--- START ---
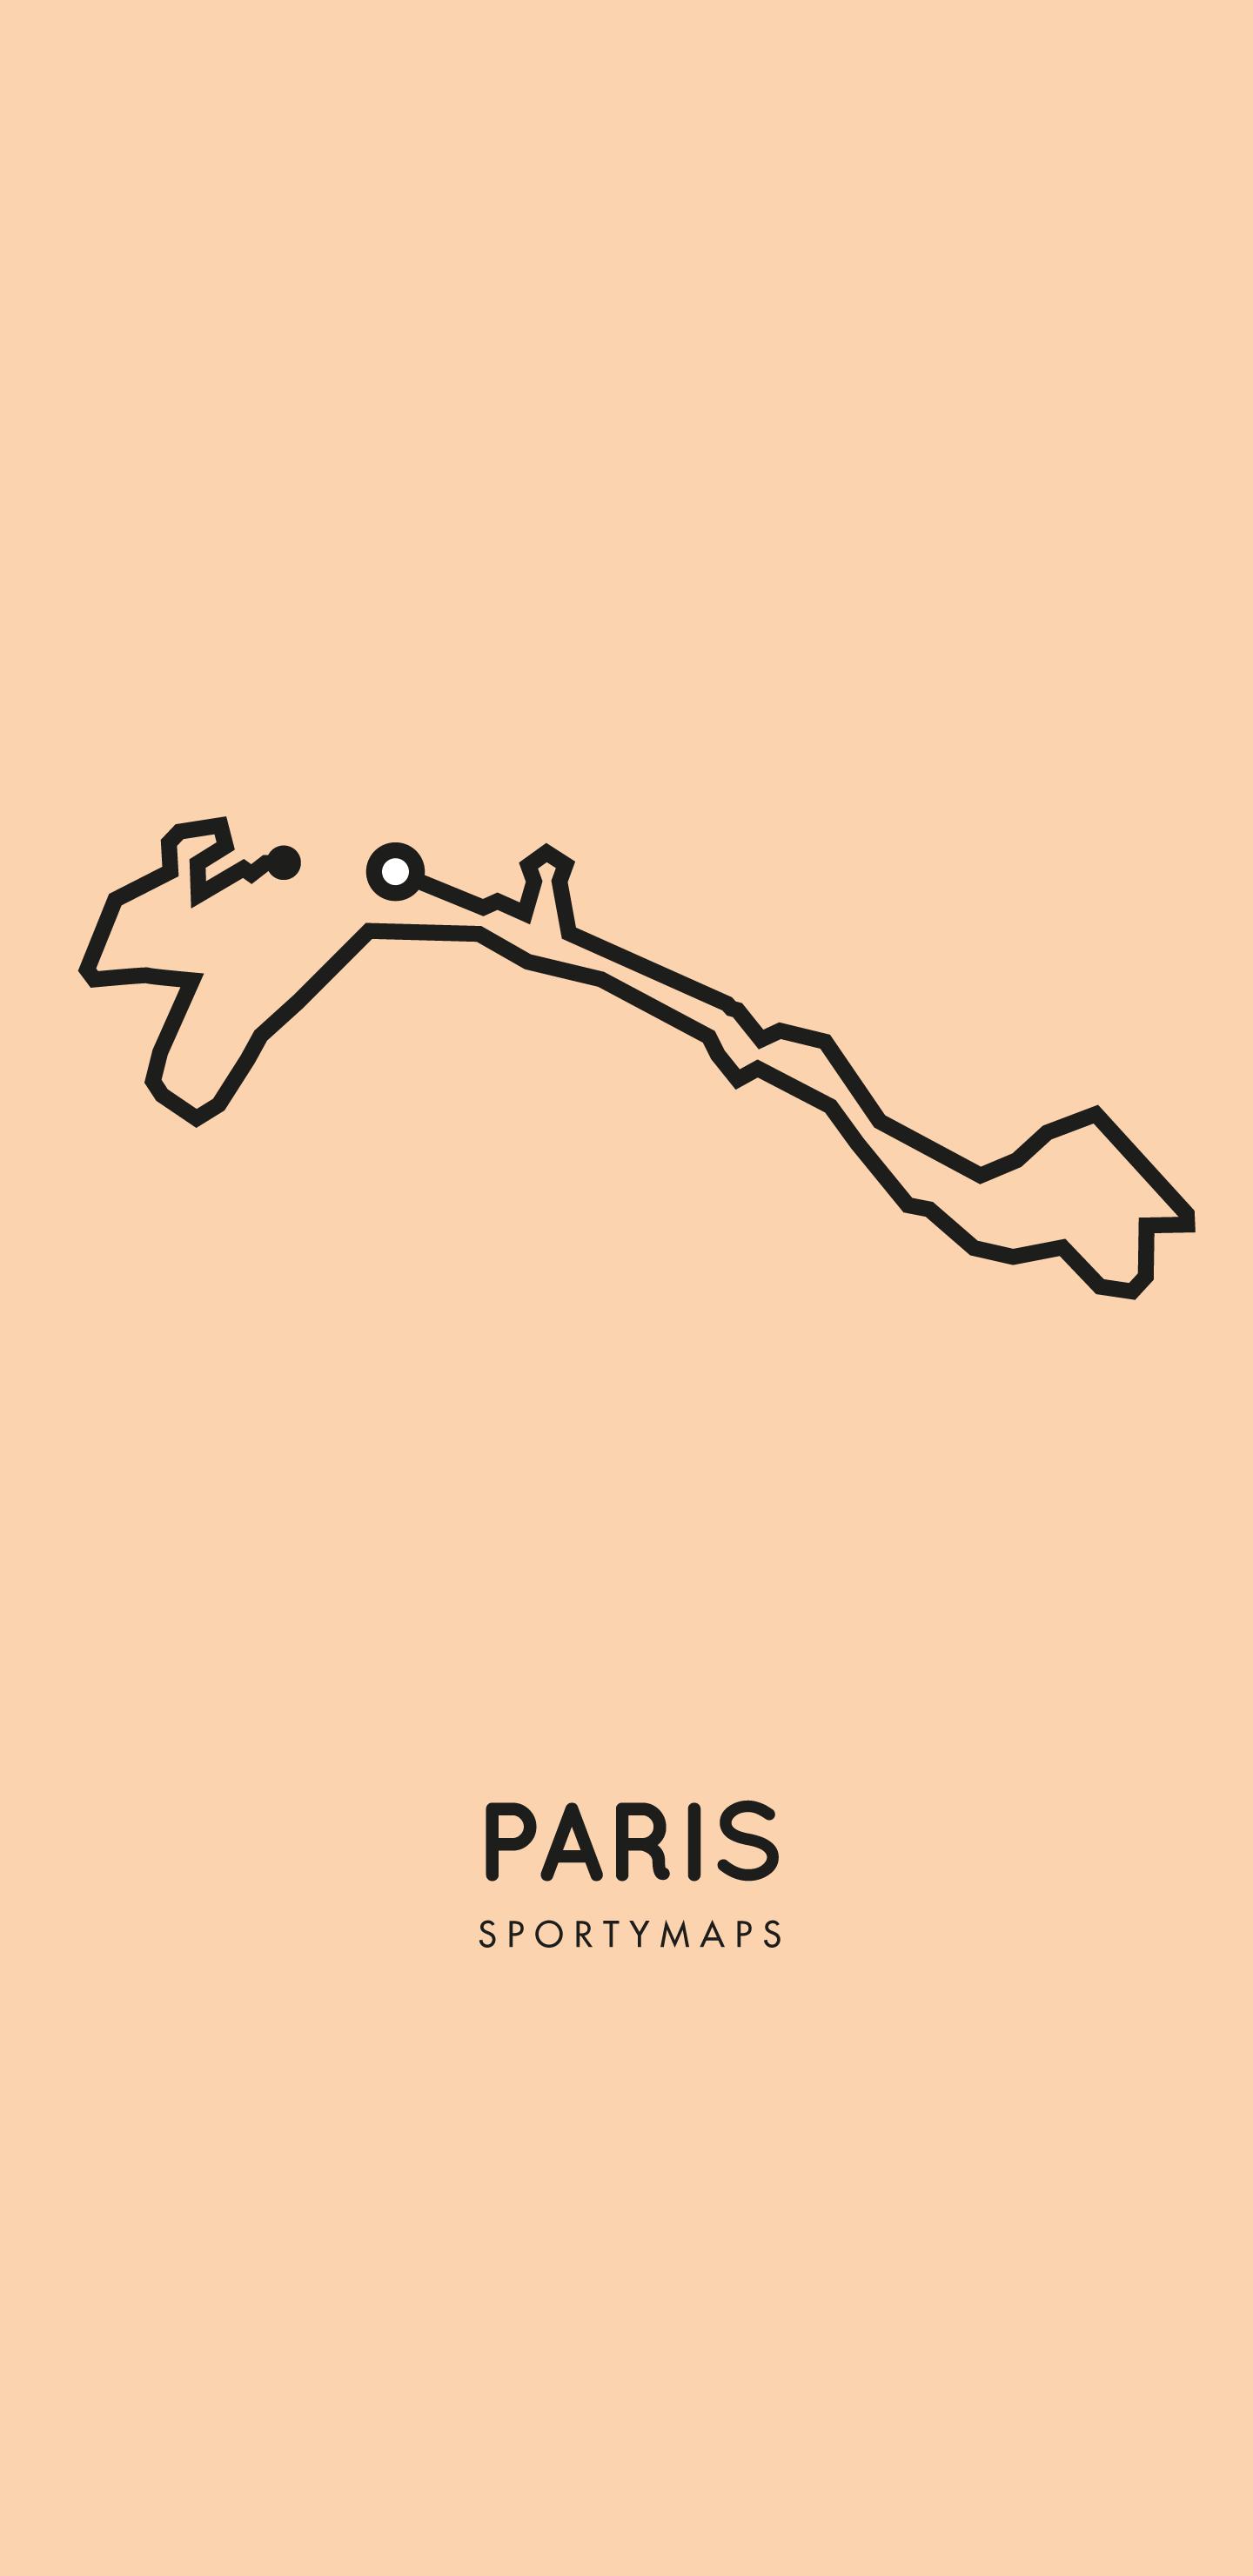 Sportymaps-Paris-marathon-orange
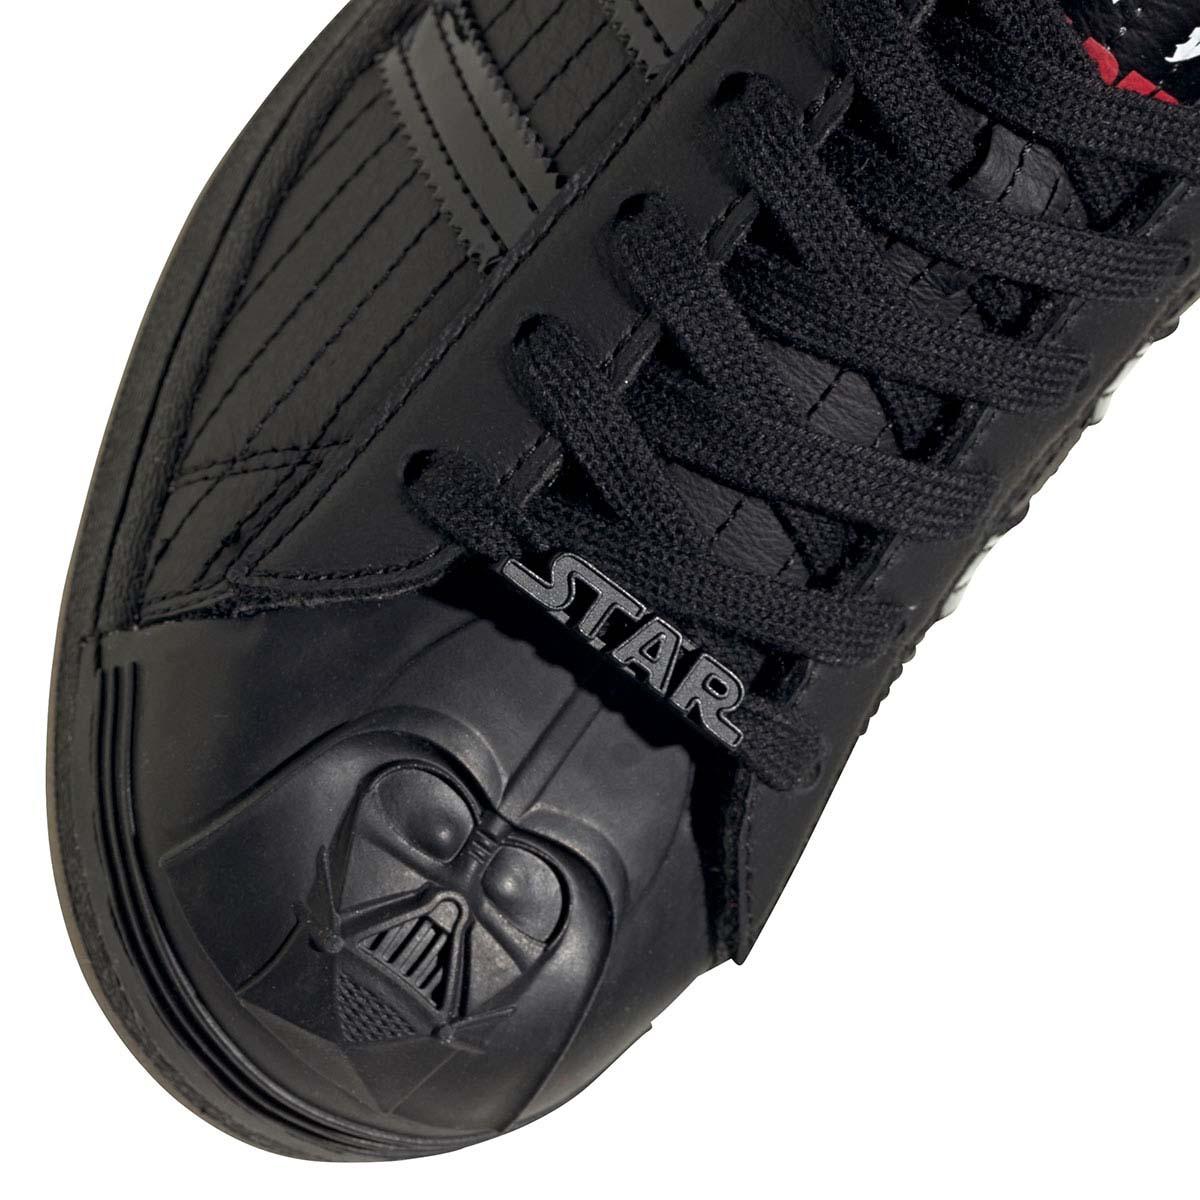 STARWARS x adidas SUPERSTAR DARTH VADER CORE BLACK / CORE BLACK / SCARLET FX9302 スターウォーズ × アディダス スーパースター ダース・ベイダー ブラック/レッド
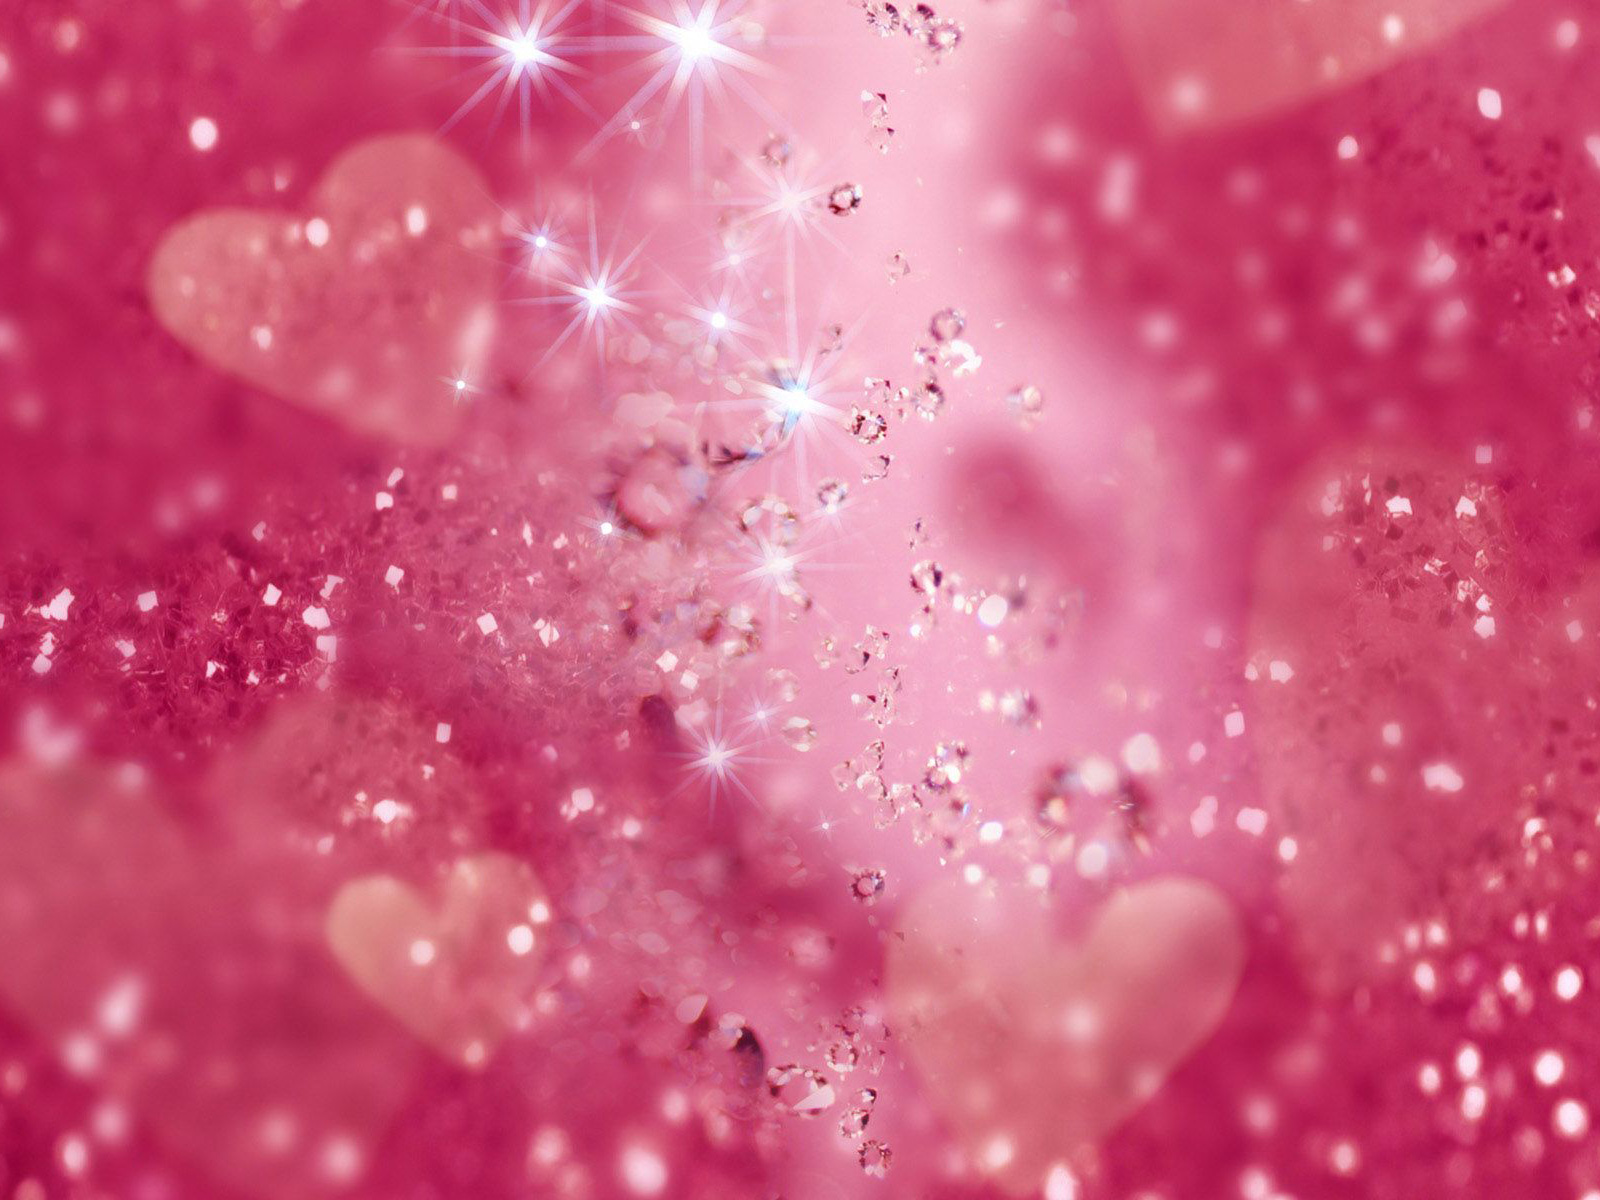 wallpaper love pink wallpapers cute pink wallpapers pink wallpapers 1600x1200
--- END ---
**WORK REQUEST**: Word for word, write out the whole listing, keeping none of the pictures.

**OUTPUT OF THE EXERCISE**:
 Sportymaps-Paris-marathon-orange
 STARWARS x adidas SUPERSTAR DARTH VADER CORE BLACK / CORE BLACK / SCARLET FX9302 スターウォーズ × アディダス スーパースター ダース・ベイダー ブラック/レッド
 wallpaper love pink wallpapers cute pink wallpapers pink wallpapers 1600x1200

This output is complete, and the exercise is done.